Your assignment
Starting at the line with "Suction Plates with", copy each line through the last one below exactly as written, without any pictures.

Data provided
■ ■ ■ ■ ■ ■ ■
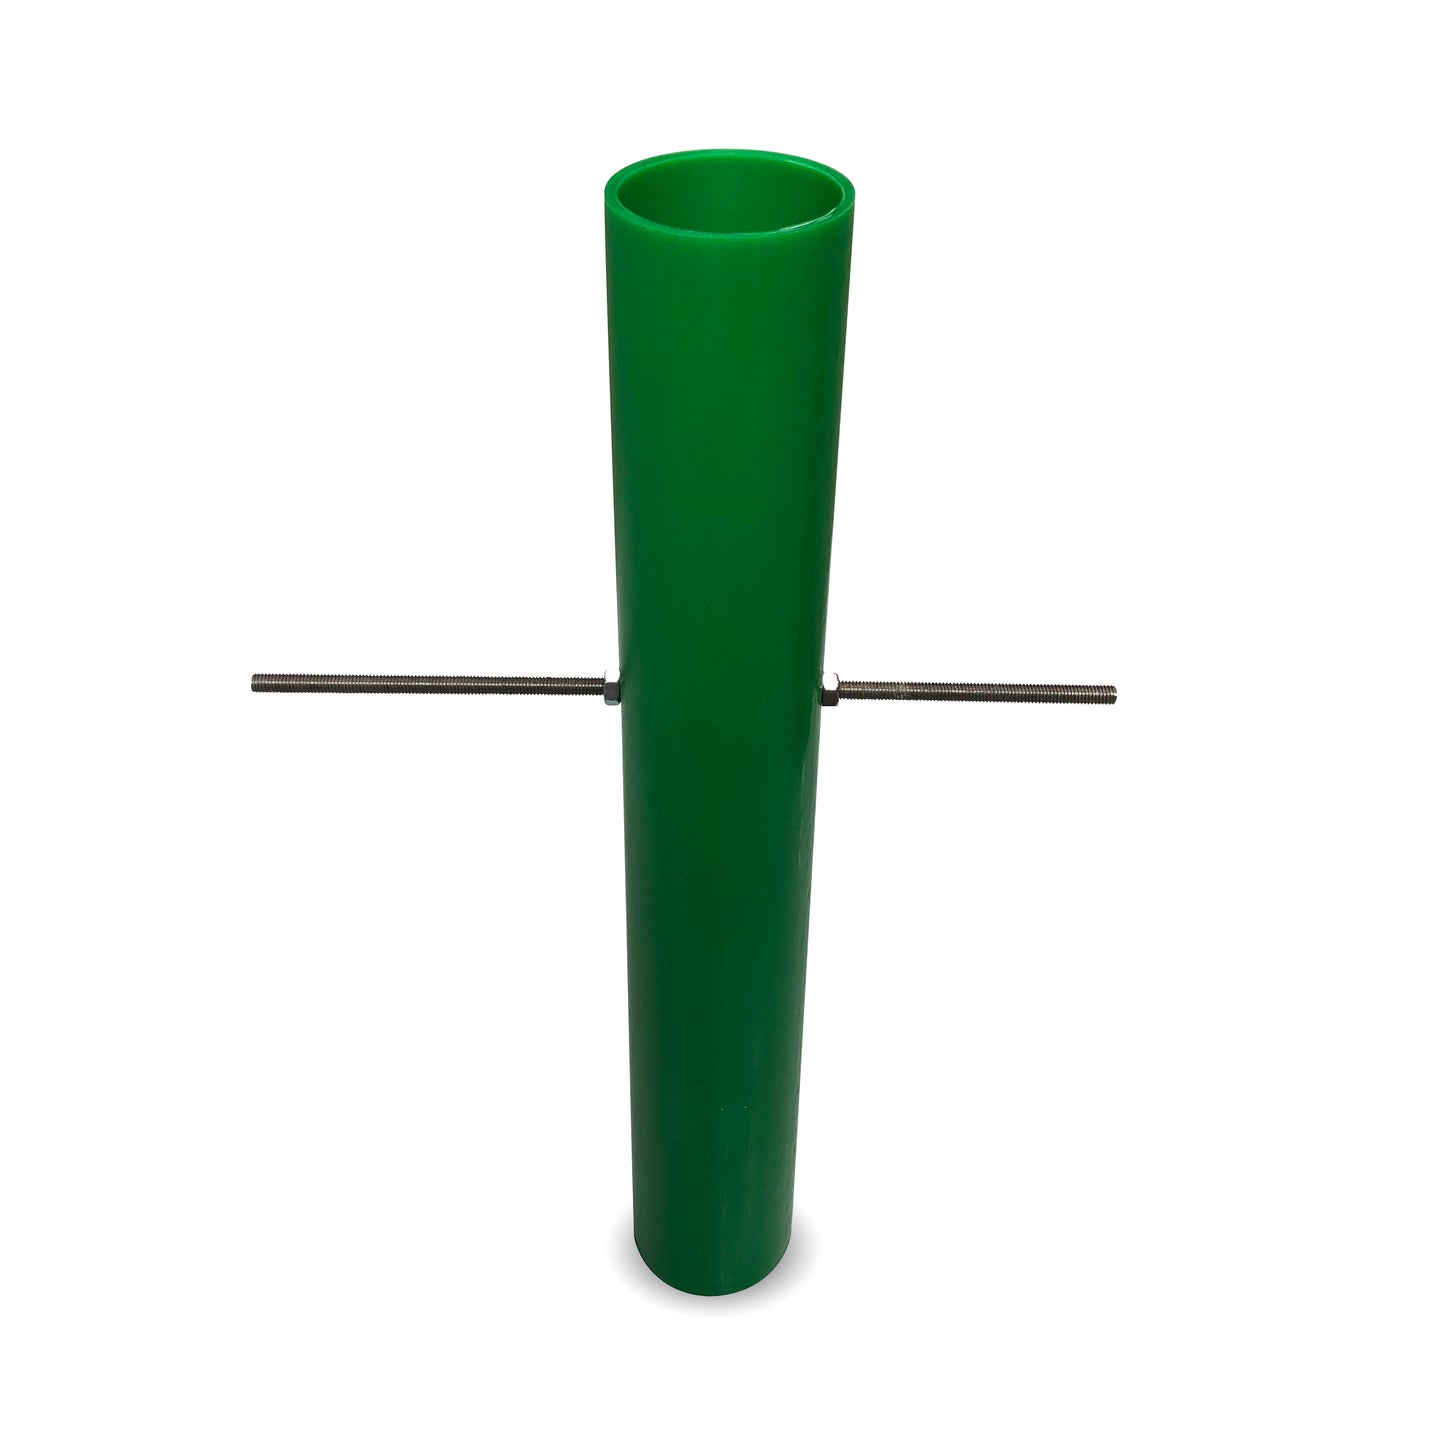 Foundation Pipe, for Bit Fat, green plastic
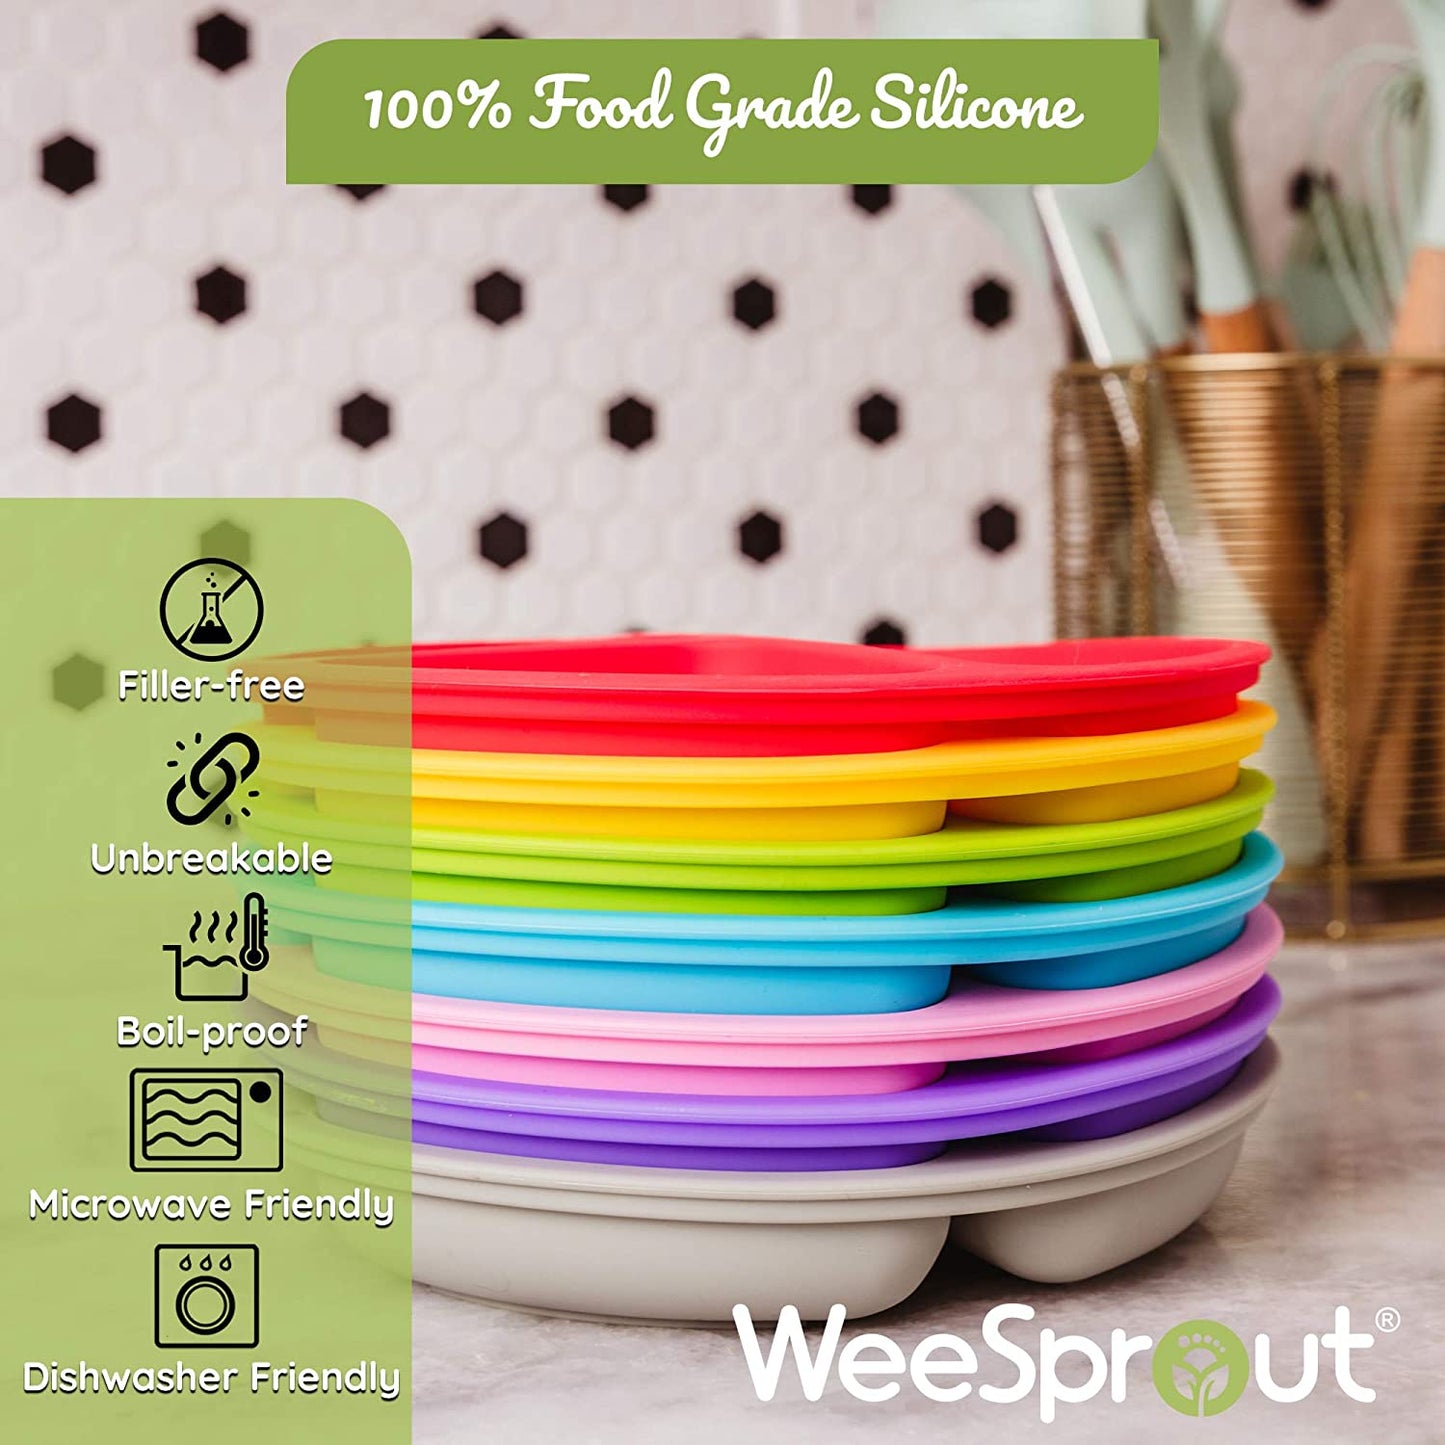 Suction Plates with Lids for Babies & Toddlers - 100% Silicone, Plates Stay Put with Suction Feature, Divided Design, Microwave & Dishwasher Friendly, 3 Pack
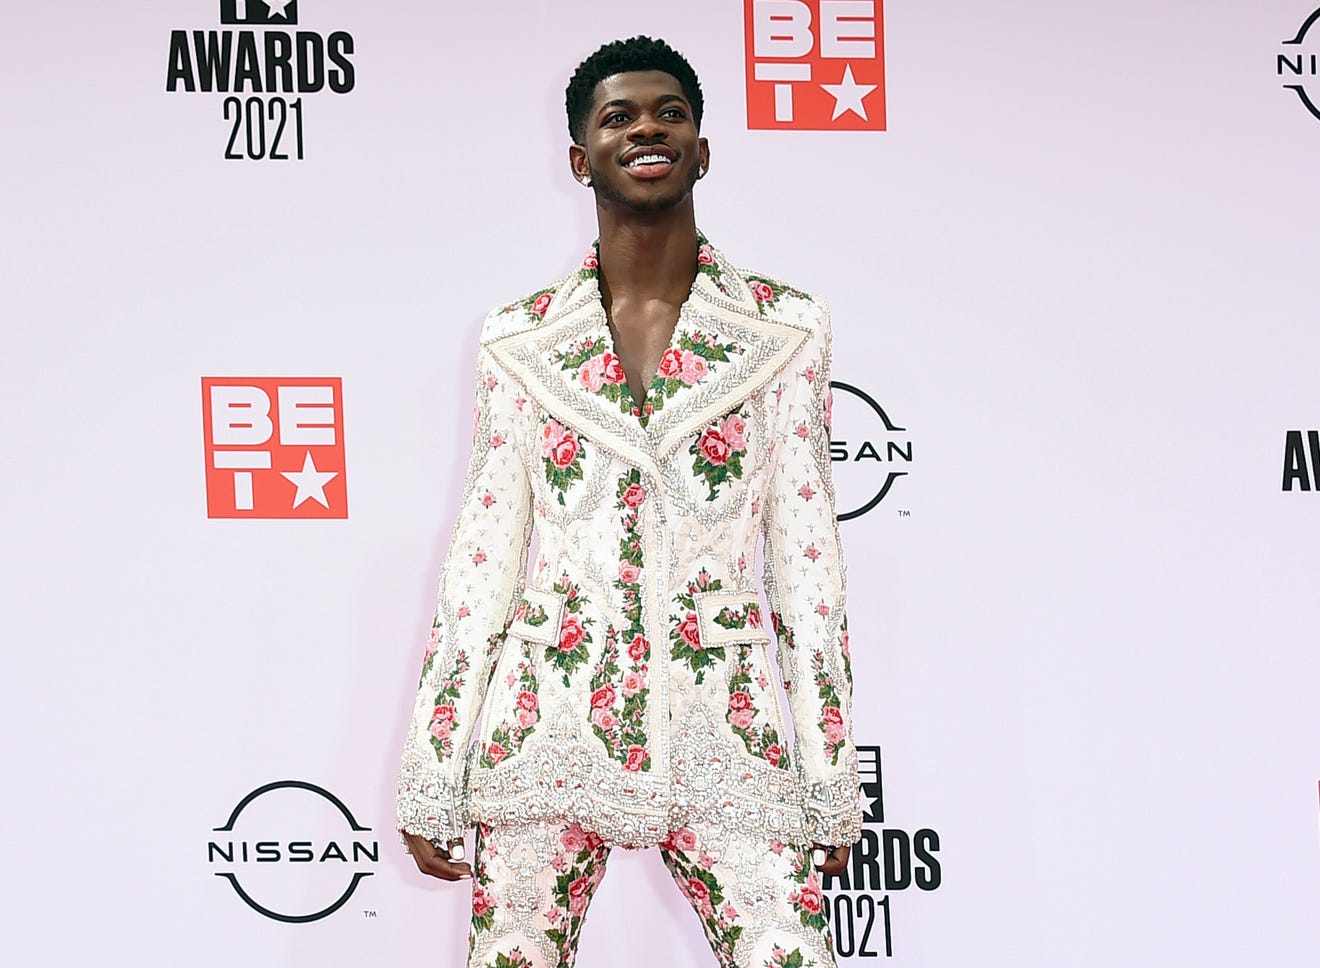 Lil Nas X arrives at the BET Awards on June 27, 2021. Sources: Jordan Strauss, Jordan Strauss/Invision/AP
■ ■ ■ ■ ■ ■ ■
Solution for this exercise
 Suction Plates with Lids for Babies & Toddlers - 100% Silicone, Plates Stay Put with Suction Feature, Divided Design, Microwave & Dishwasher Friendly, 3 Pack
 Lil Nas X arrives at the BET Awards on June 27, 2021. Sources: Jordan Strauss, Jordan Strauss/Invision/AP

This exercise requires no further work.